I hadn't realized it, either. But there were so many things I was just beginning to understand, then. I thought back to my many ultrasounds with Tally, whose name always made me smile (each week she took a tally of our babies!) and the numerous, grainy black-and-white images of Bennett, the small bones in his back like a tiny string of pearls; or of Avery who, more often than not, was sucking his thumb.
Each measurement--of the bones in each baby's leg, or the width of each head, or the blood pumping through four chambers of each heart, was met with, "Everything looks fine," and despite what eventually followed--the twins' premature delivery and 5 days later, Avery's diagnosis of Down syndrome--I still had faith in those words. Why would anything be wrong with Avery's heart?
As it happens, babies with Down syndrome are 40-50% more likely to be born with a heart defect: some of the conditions are minor, and can be addressed with medication, but others require surgery. Hence, our cardiologist's comment to Tom, which was indeed, good news.

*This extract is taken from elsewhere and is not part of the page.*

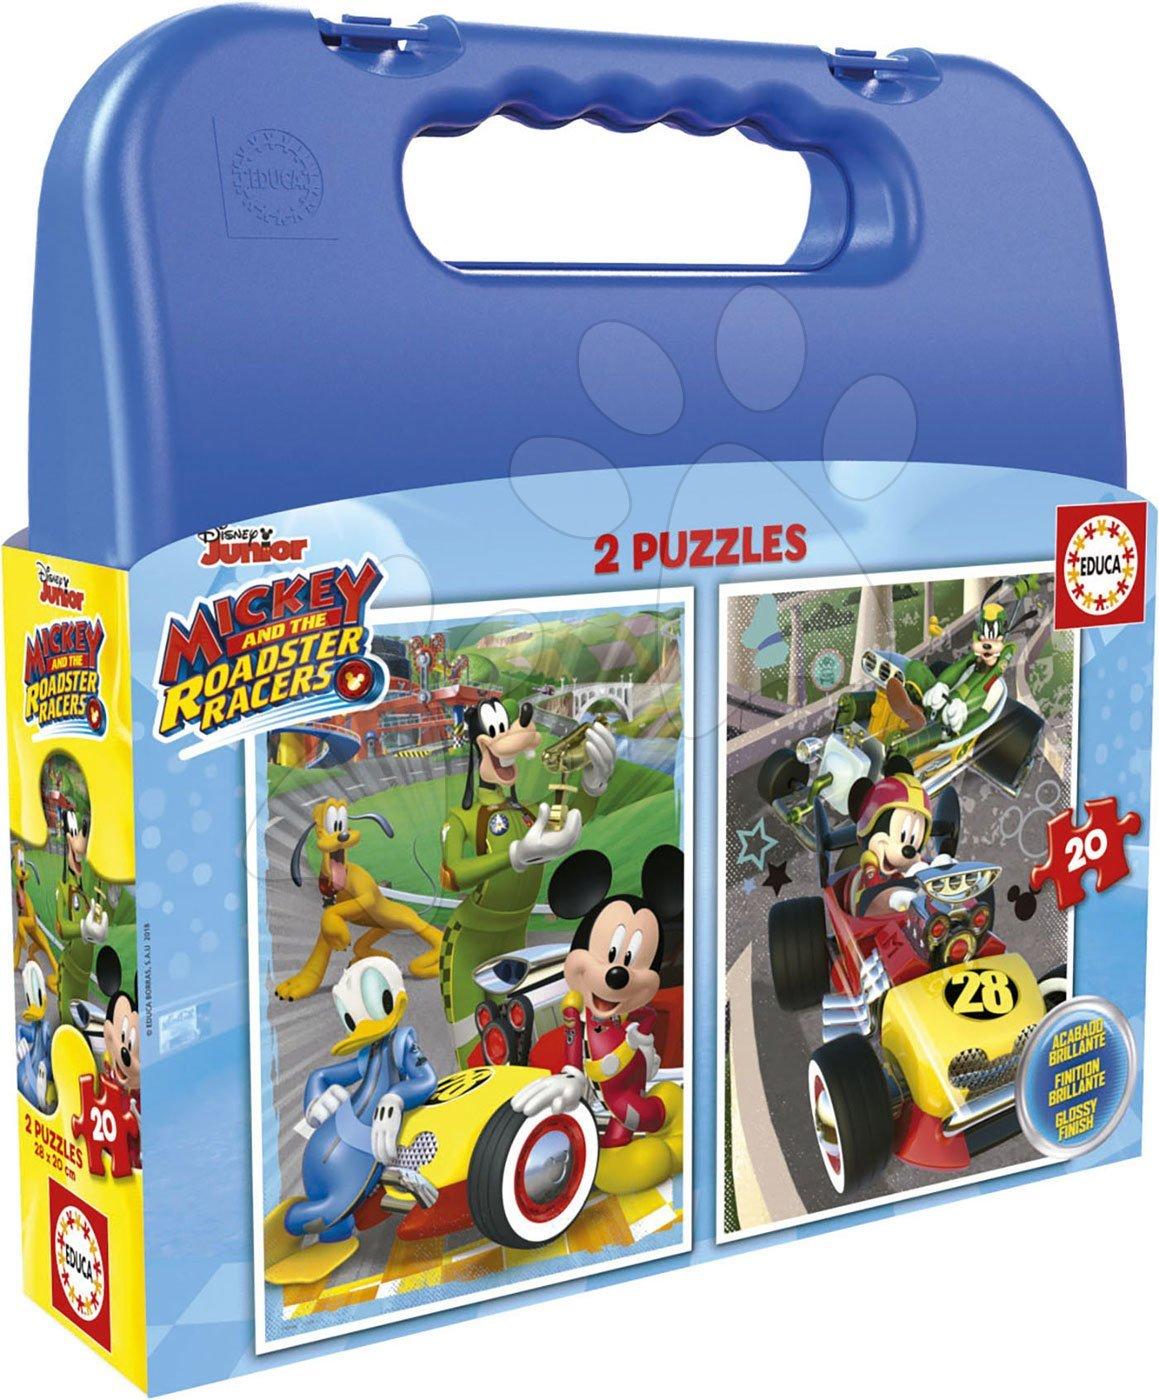 Puzzle v kufříku Mickey roadster racers Case Educa 2x20 dílů od 4 let

Since that time, I've learned even more things about being mother to a child with Down syndrome. I've learned that one of the more common problems in babies with Down syndrome is called atrioventricular septal defect (AVSD), sometimes called AV canal, a condition that affects the walls between the two upper chambers and the two lower chambers of the heart.
Which is how I came to have, in my hands, a white manila envelope from the Kennedy Krieger Institute, an internationally recognized facility dedicated to improving the lives of children and adolescents with disabilities. And though the institute is located in Baltimore, MD, and we're in Montana, I've agreed to participate in a collaborative research effort designed to help identify genetic and environmental factors related to congenital heart disease in Down syndrome.
My role in this study is minimal: since we don't have any heart issues, we'll be part of the comparison group. I need to fill out a medical questionnaire, and sign some release forms. I need to supply the team with a copy of Avery's karyotype, which is a profile of a person's chromosomes. In Avery's case, it shows 3 genes at the 21st chromosome instead of the usual 2, and was how we confirmed the diagnosis. And the researchers need a copy of the echocardiogram, the one that the cardiologist telephoned Tom about.
In a few weeks, I'll participate in a telephone interview too, answering questions about my medical history and my pregnancies. And Avery will donate 1/5 teaspoon of blood for DNA analysis--this will be, in fact, the most difficult part. Avery has his blood tested every year for TSH and T-4 Thyroid function, and we'll get the sample then. In the beginning, he'd approach these blood draws with his usual cheerfulness and good will, smiling at the nurses and even flirting a bit. It's happened often enough that now, just the sight of the medical clinic sets his chin to quivering, big teardrops already forming in the corners of his dark blue eyes.
Why would I consider such a thing? Before becoming Avery's mom, I probably wouldn't have. The world to me, then, seemed like something "out there" that was mostly none of our business. But having Avery made everything personal--the families in the NICU with us, the children we know at the CDC, the babies with heart surgeries, they are close to me, now. I'd once thought that having a child with a visible disability would isolate my family--but instead, most times, I've found the opposite to be true. Avery brings people together.
It's a small thing, our participation in the Kennedy Krieger Institute research, but it's what we can do.
When the twins were still babies, I used to sit with them in the rocking chair. I'd arrange them like the nurses in the NICU showed me, one in each arm, heads on my chest. The rhythm of the rocking chair reminded me of a heart beat, too--bump-bump. Bump-bump. And I'd feel it, then, our connectedness, all of our hearts beating as one.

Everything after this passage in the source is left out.